How to Integrate Apidog MCP Server with Cursor
Integrating the Apidog MCP Server with Cursor allows your AI assistant to tap directly into your API specifications. Here’s how to set it up:
Prerequisites:
Before you begin, ensure the following:
✅ Node.js is installed (version 18+; latest LTS recommended)
✅ You're using an IDE that supports MCP, such as: Cursor
Step 1: Prepare Your OpenAPI File
You'll need access to your API definition:
- A URL (e.g.,
https://petstore.swagger.io/v2/swagger.json
) - Or a local file path (e.g.,
~/projects/api-docs/openapi.yaml
) - Supported formats:
.json
or.yaml
(OpenAPI 3.x recommended)
Step 2: Add MCP Configuration to Cursor
You'll now add the configuration to Cursor's mcp.json
file.

Remember to Replace <oas-url-or-path>
with your actual OpenAPI URL or local path.
- For MacOS/Linux:
{
"mcpServers": {
"API specification": {
"command": "npx",
"args": [
"-y",
"apidog-mcp-server@latest",
"--oas=https://petstore.swagger.io/v2/swagger.json"
]
}
}
}
- For Windows:
{
"mcpServers": {
"API specification": {
"command": "cmd",
"args": [
"/c",
"npx",
"-y",
"apidog-mcp-server@latest",
"--oas=https://petstore.swagger.io/v2/swagger.json"
]
}
}
}
Step 3: Verify the Connection
After saving the config, test it in the IDE by typing the following command in Agent mode:
Please fetch API documentation via MCP and tell me how many endpoints exist in the project.

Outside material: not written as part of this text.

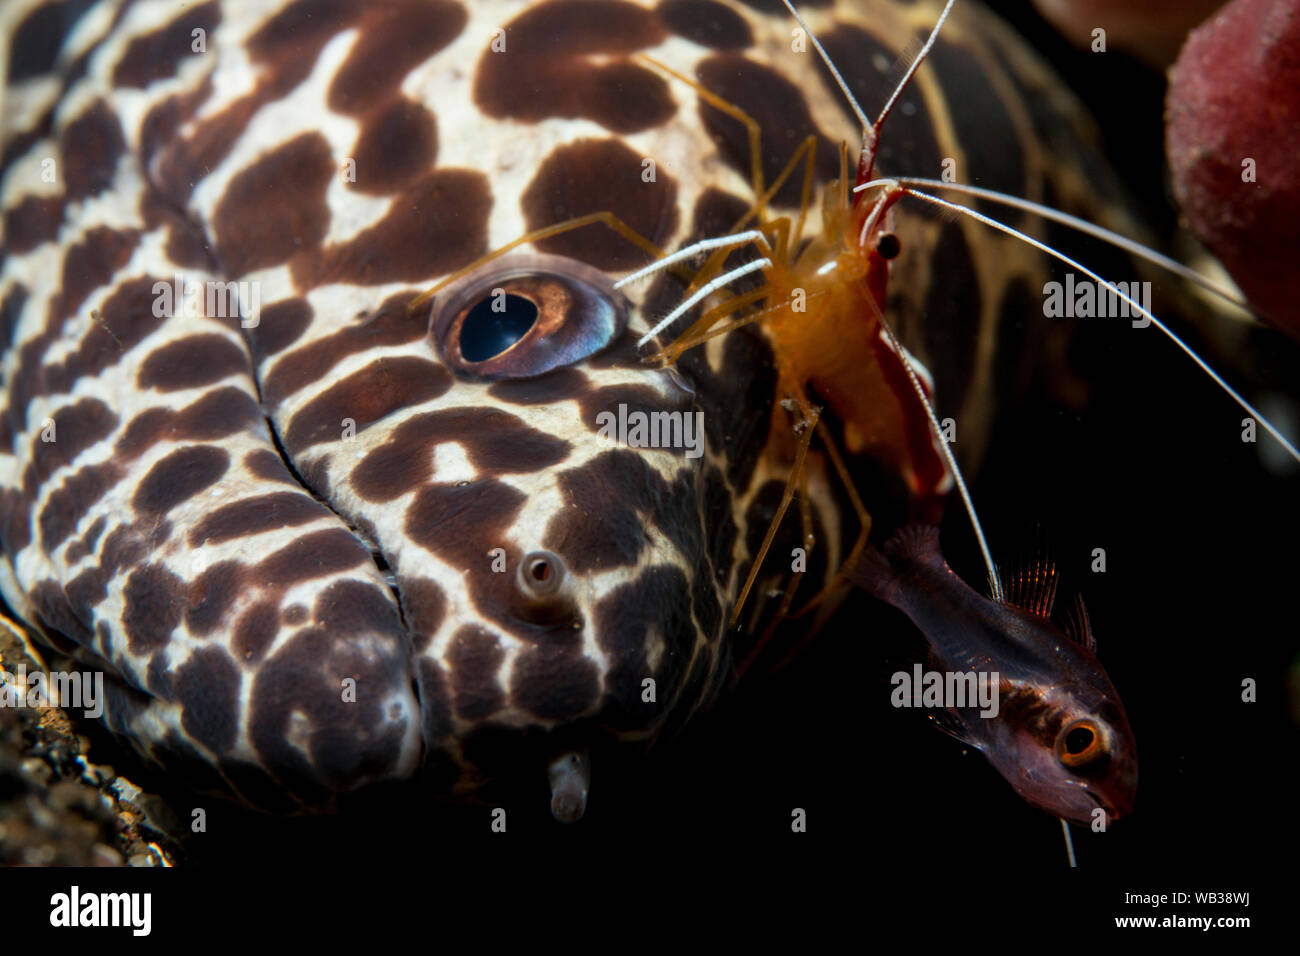 Moray Eel Manicured by Cleaner Shrimp, Bali Indonesia Stock Photo

If it works, you’ll see a structured response that lists endpoints and their details. If it doesn’t, double-check the path to your OpenAPI file and ensure Node.js is installed properly.
Conclusion
Navigating the complexities of AI-assisted coding in Cursor requires both understanding its potential pitfalls and leveraging tools that enhance its capabilities. While issues like slow performance, resource hogging, and context limitations can be frustrating, many can be mitigated through proactive troubleshooting, such as starting fresh projects, managing extensions, and monitoring system resources.
Furthermore, integrating innovative solutions like the Apidog MCP Server can significantly streamline your workflow, especially when dealing with APIs. By providing Cursor with direct, optimized access to API specifications, you reduce its processing load and unlock faster, more reliable code generation.